Ausgabe September 1993

Einbürgerung und doppelte Staatsangehörigkeit: Offener Brief für einen Gruppenantrag aller Parteien (Wortlaut)

Sehr geehrte Damen und Herren,

die deutsche Staatsangehörigkeit steht nach deutschem Recht nur denen zu, die Deutsche nach der Abstammung sind, das heißt: Recht durch das Blut (jus sanguinis). Die Einbürgerung ist in der Bundesrepublik dem Ermessen der Einbürgerungsbehörde unterworfen.

Daher ist eine Neufassung des deutschen Staatsangehörigkeitsrechts notwendig. Wir unterstützen die Forderung von Frau Schmalz-Jacobsen, AusländerInnen möglichst bald zu InländerInnen zu machen und ihnen die doppelte Staatsbürgerschaft anzubieten. Danach müssen die Kinder von EinwanderInnen, die in der Bundesrepublik geboren sind, sowie die EinwanderInnen, die ihren Lebensmittelpunkt in die Bundesrepublik verlegt haben, Anspruch auf die deutsche Staatsangehörigkeit erhalten. Wir sagen Ja zur doppelten Staatsbürgerschaft. Wir sagen Ja zu "jus soli". Wir sagen Nein zu "jus sanguinis".

Es gibt seit Jahren Vorschläge von der SPD, FDP, einigen CDU-Politikern und Bündnis 90/Die Grünen, die eine erleichterte Einbürgerung fordern. Wir, die EinwanderInnen, Flüchtlinge, InländerInnen ohne deutschen Paß und Deutsche mit ausländischer Herkunft fordern alle Abgeordneten des Bundestages auf, auf der Basis der Gesetzesinitiative der Ausländerbeauftragten der Bundesregierung, Frau Schmalz-Jacobsen, einen Gruppenantrag in den Bundestag einzubringen.

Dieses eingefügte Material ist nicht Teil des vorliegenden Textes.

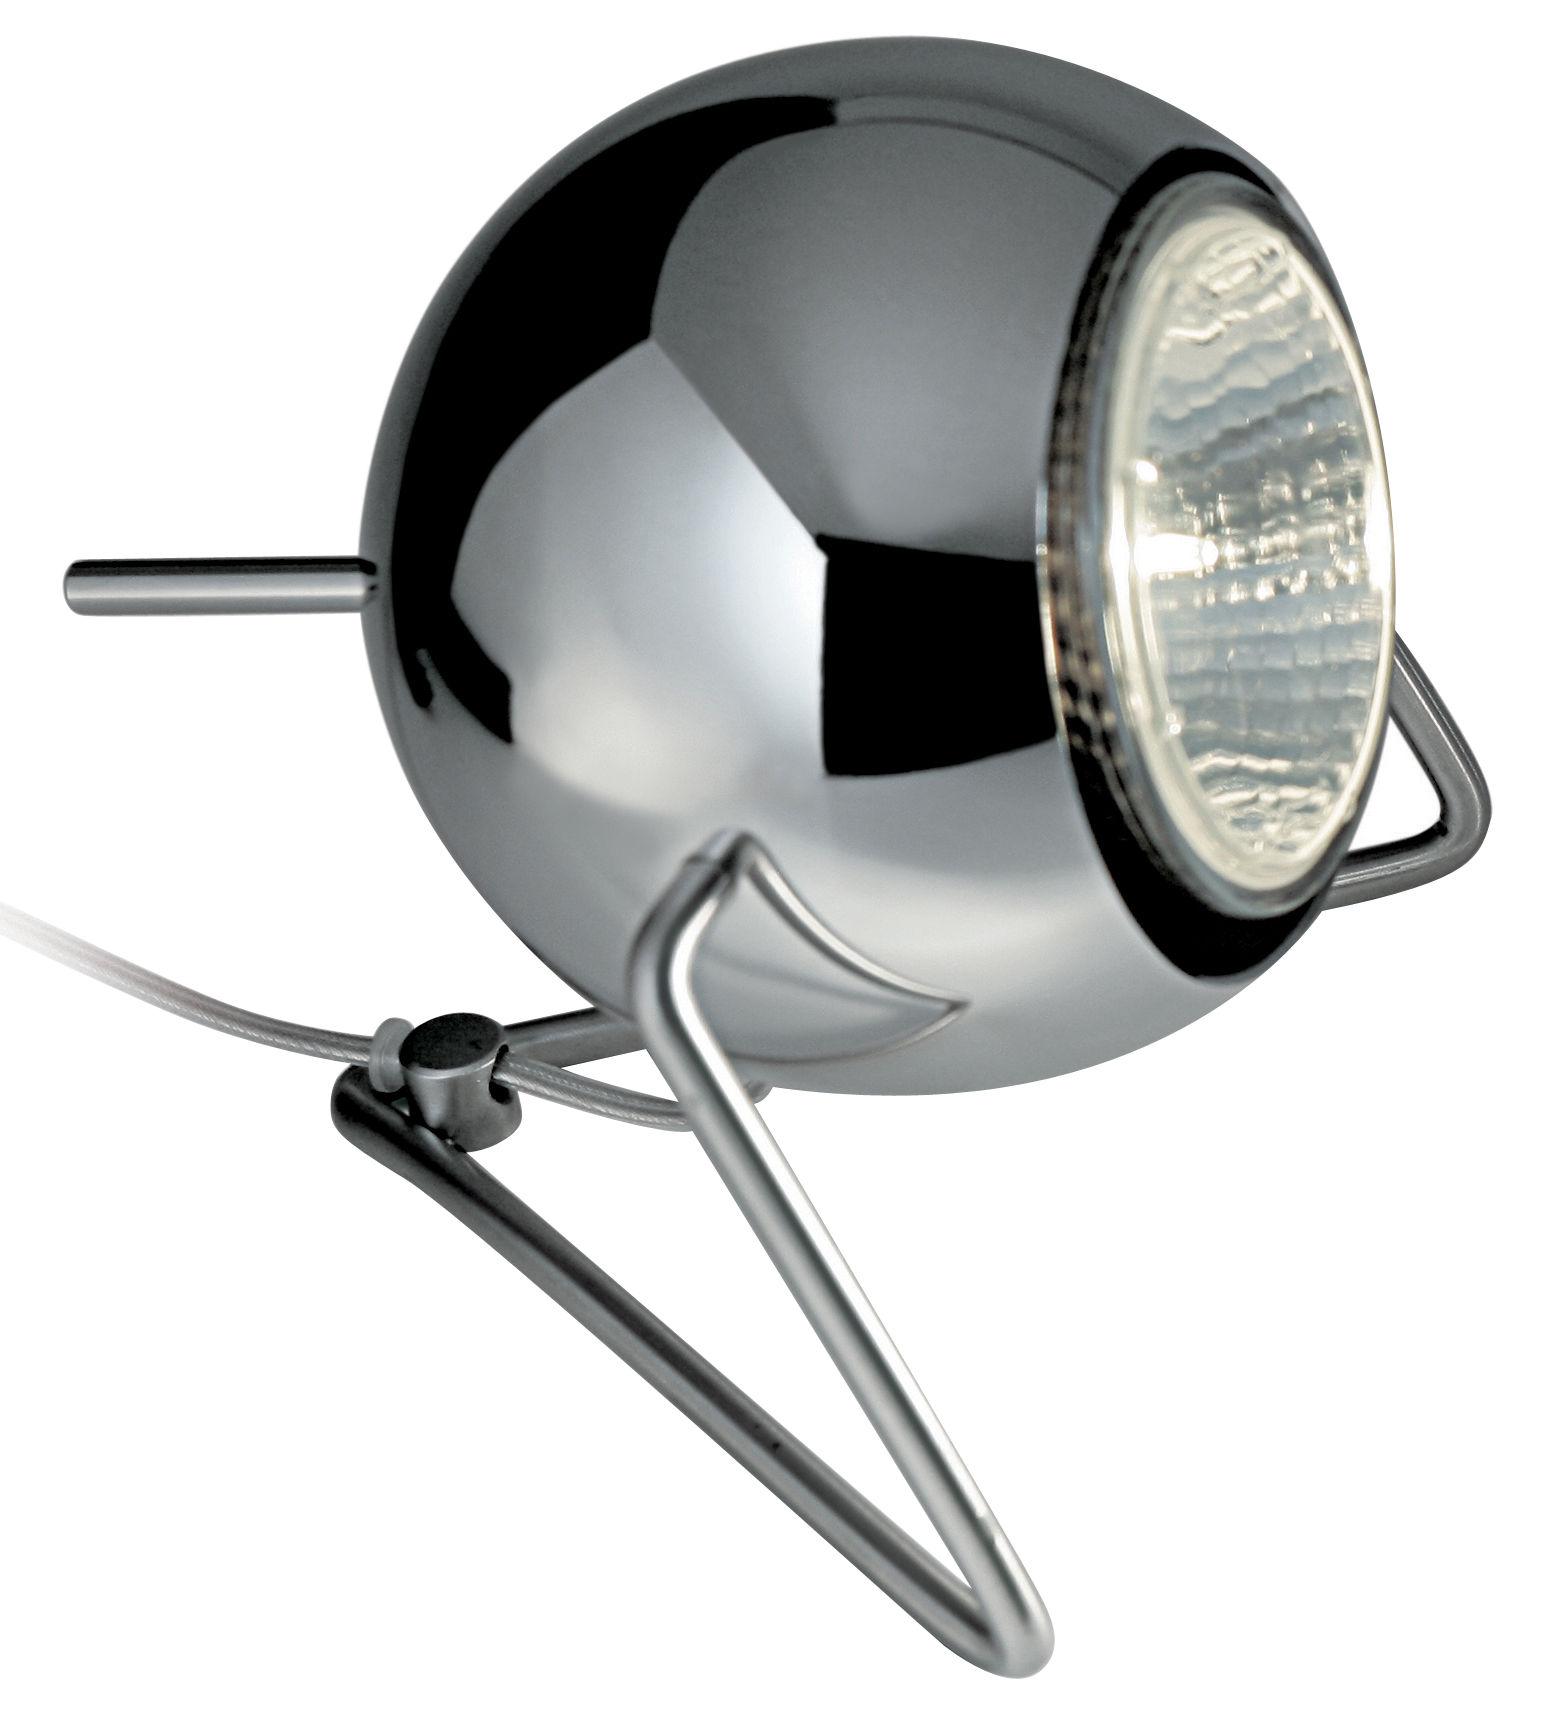 Lighting - Table Lamps - Beluga Table lamp - Metal version by Fabbian - chromed - Chromed metal
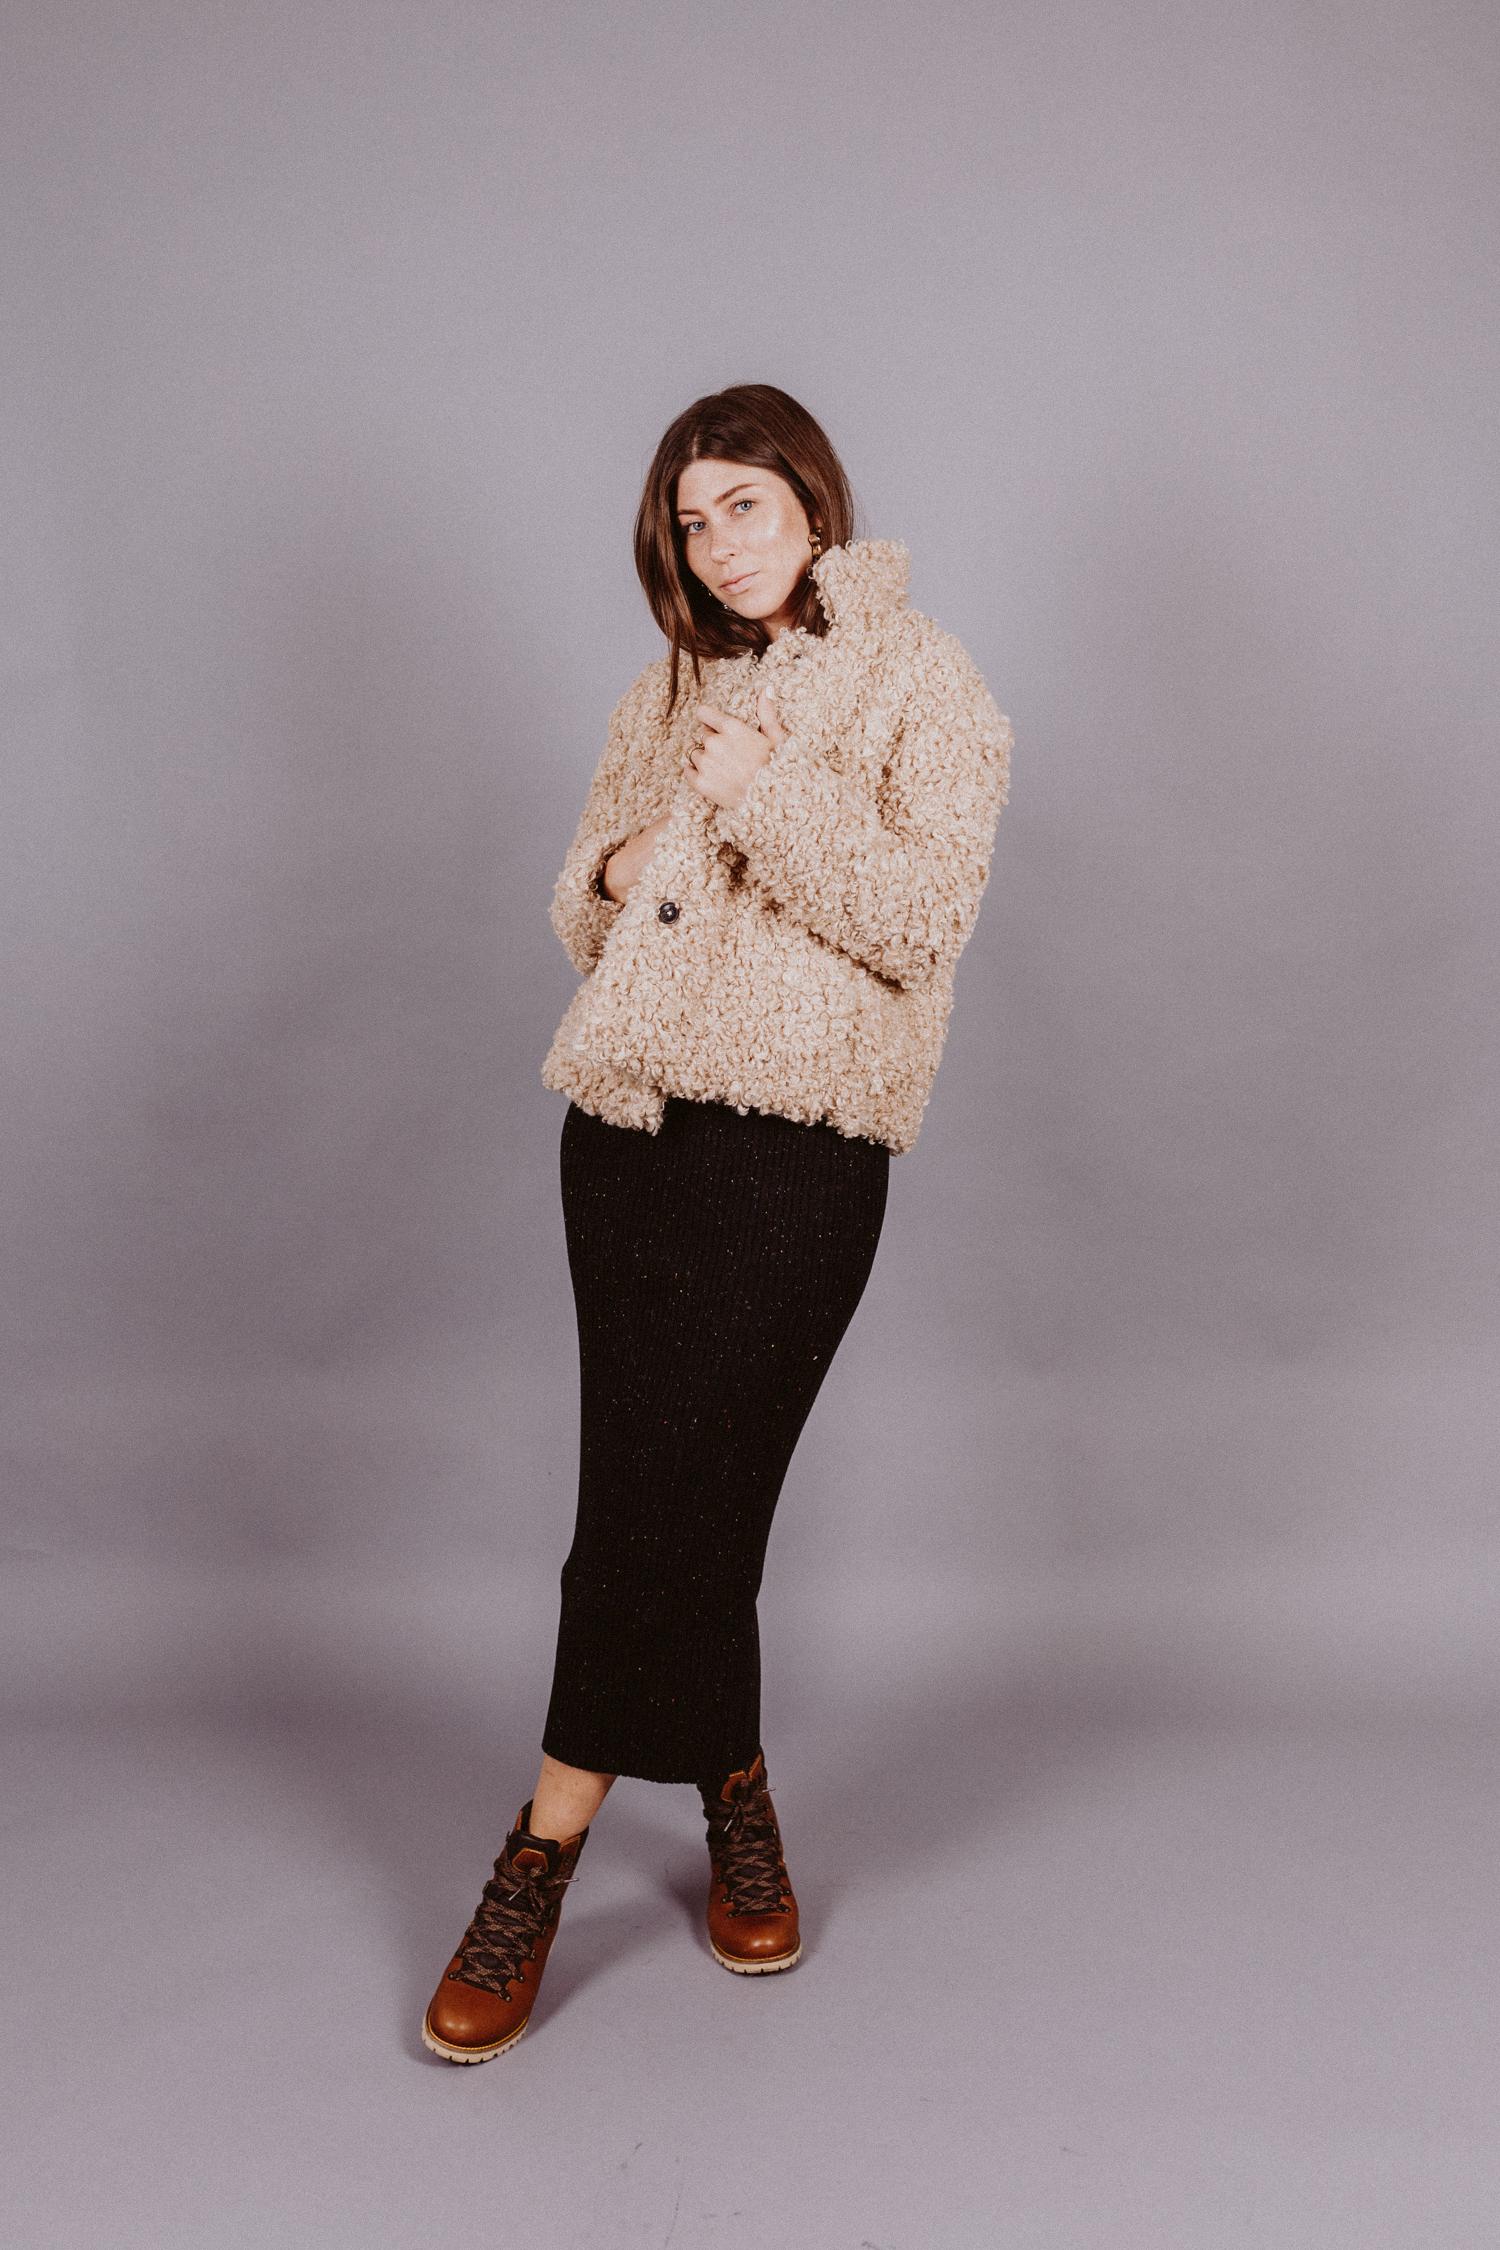 3 ways to wear: midiskirts, midirock styling | Love Daily Dose

Es ist keine Zeit politische Differenzen und Streitigkeiten auf dem Rücken der Einwanderer und Flüchtlinge auszutragen, wenn es um die Verbesserung der Situation von Millionen von Menschen und die Verteidigung der Menschenrechte geht. Wir bitten Sie alle, unsere Forderung für die Einbringung eines Gruppenantrags in den Deutschen Bundestag zu realisieren und in die Tat umzusetzen.

ErstunterzeichnerInnen:
Bahman Nirumand, Sanem Kleff, Ozan Ceyhun, Miguel Vicente, Safter Cinar, Mehdi Jafan-Gorzini, Cem Özdemir, Kambiz Ghawami, Ersin Ugursal, Sinasi Dikmen, Muhsin Onurca, Murat Cakir, Ataolah Amin, Nedim Sonemez, Füsun Holder, Müjgan Akbulut, Özlem Isfendiyar, Ismail Kahraman, Hariss Kidwii, Gergorio Ropper, Seyed Shahram Iranhony, Asgar Eslami, Süheyla Kadioglu, Bilgin Ayata, Hüseyin Sitki, Cuma Yagmur, Aynur Uysal, Sükrü Turan, Nurhar Can, Murat Barut, Idik Lacin, Senim Aydun, Ibrahim Topal, Halim Demiri, Ziya Tunc, Kenan Demir, Seydo Uzun, Halit Naeale, Kazim Aydin, Jlker Aydin, Myrut Keskin, Ali-Asker Erman, Semika Erman, Jsmail Hakki Kosan, Kambiz Behbahanizadeh, Hakimeh Khedmatguzar, Haydar Dincer, Giyasettin Sayan, Manocher Tahen, Fann Fakhhan, Akbar Weissi, Pari Dastmalchi, San Yeganeh, Mohsen Khosrawi, Manigeh Norouzian, Calkavur Dayar, Hakki Keskin, Mete Duyar, Gökten Kücük.
Kontakt: Mehdi Jafari-Gorzini, Südring 66, 55128 Mainz.